Dr. Lobo and Dr. Park are Residents. They were Graduate Students, Department of Physiology and Biophysics, University of Louisville School of Medicine, Louisville, Kentucky, at the time the article was written.
Ms. Gordon is Graduate Student, Department of Physiology and Biophysics, Dr. Roberts is Professor, Department of Orthopedic Surgery, and Dr. Rowell is Professor, Department of Pharmacology and Toxicology, University of Louisville School of Medicine, Louisville, Kentucky.
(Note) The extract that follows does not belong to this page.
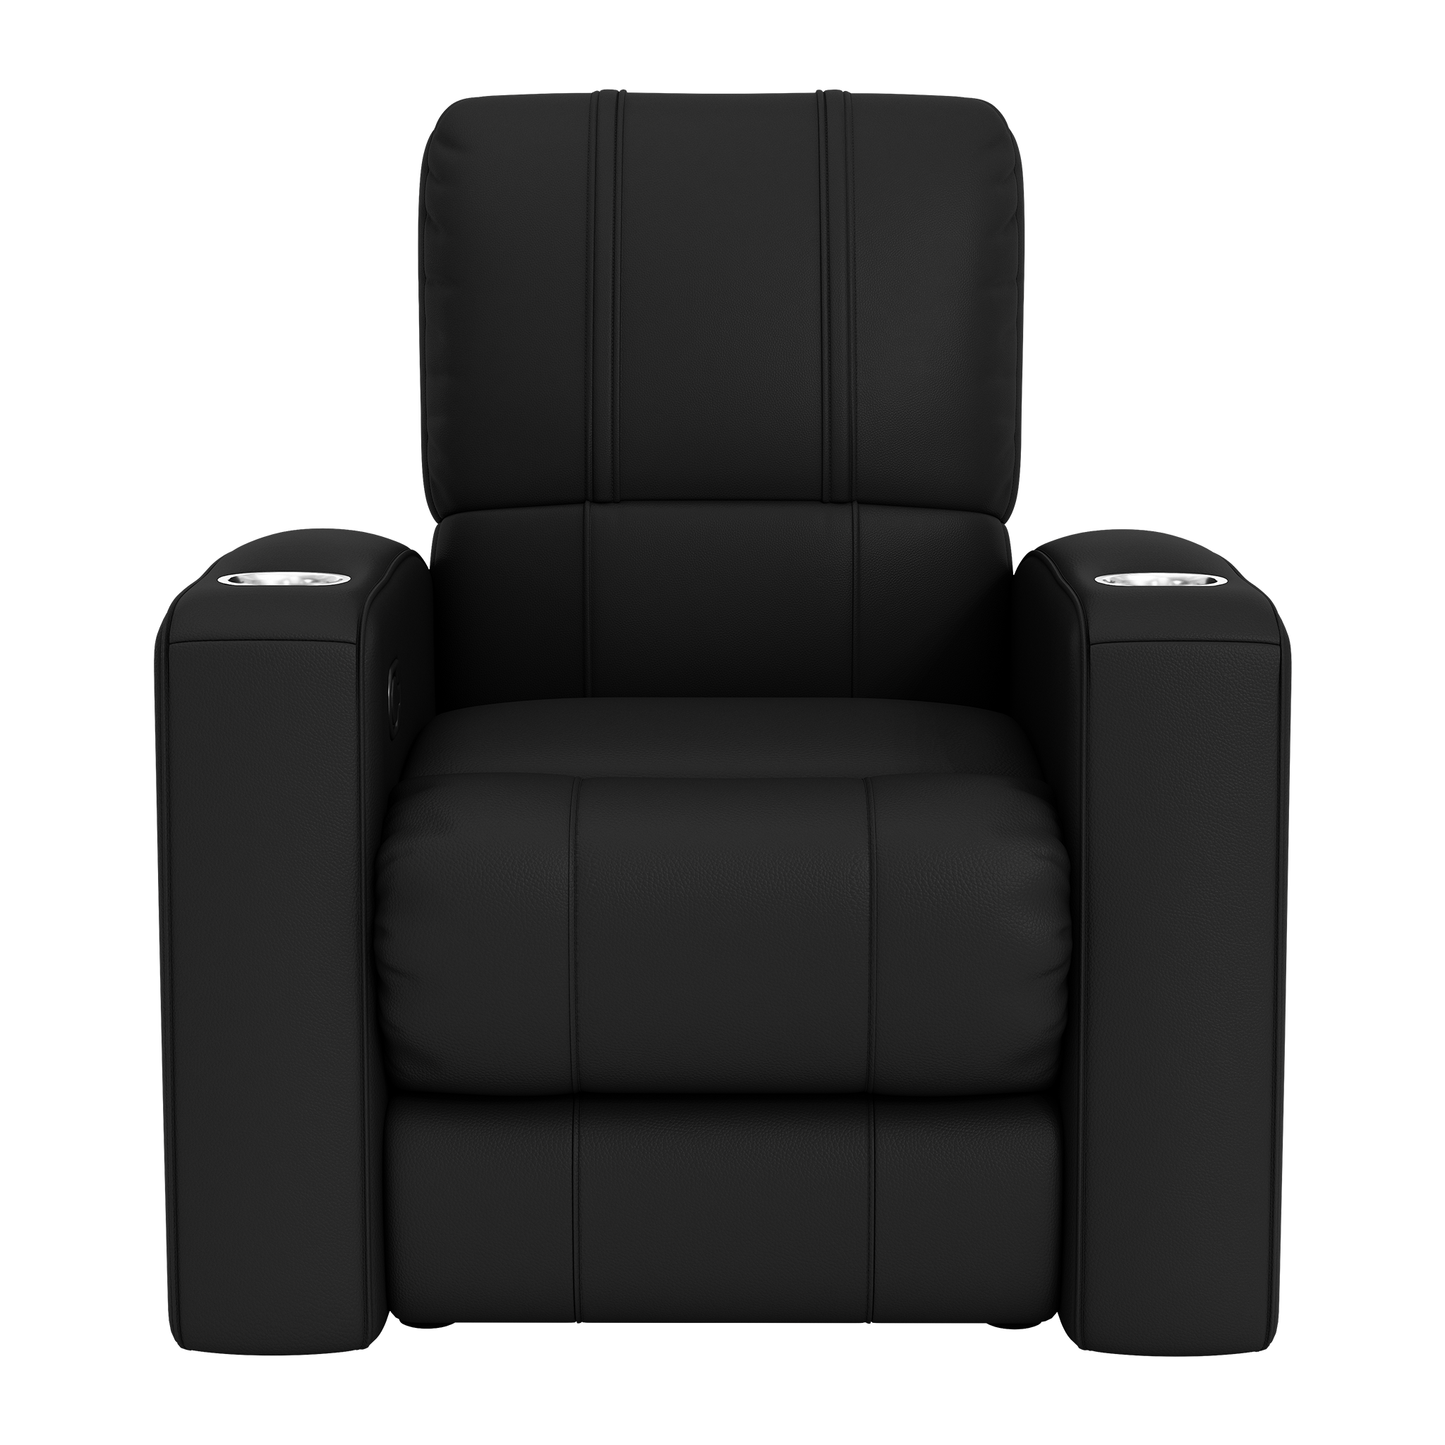 Relax Home Theater Recliner with Shoulda Been Stars Icon Logo

Given the increased incidence of orthopedic complications among smokers, we tested the null hypothesis that nicotine, the most vasoactive substance in cigarettes, does not reduce blood flow to long bones. Nicotine was administered to adult rats at a rate of 2.4 or 3.6 mg/kg/d for 2 weeks to determine if nicotine has a dose-dependent effect on bone blood flow. Control rats received nicotine-free solution. After 2 weeks, the rats were anesthetized. The microsphere technique was used to measure flow to femurs and tibias. Blood was collected to measure plasma nicotine. The lower dose established a plasma level of 14 ng/mL (SEM, 4 ng/mL); the higher dose elevated nicotine to 43 ng/mL (SEM, 11 ng/mL). Neither dose altered blood flow to tibias or femurs. A higher dose or longer treatment may be required to reduce bone blood flow. Alternatively, nicotine may not reduce blood flow to healthy bone at any dose but may delay bone healing by other mechanisms (ie, inhibiting angiogenesis and/or osteogenesis).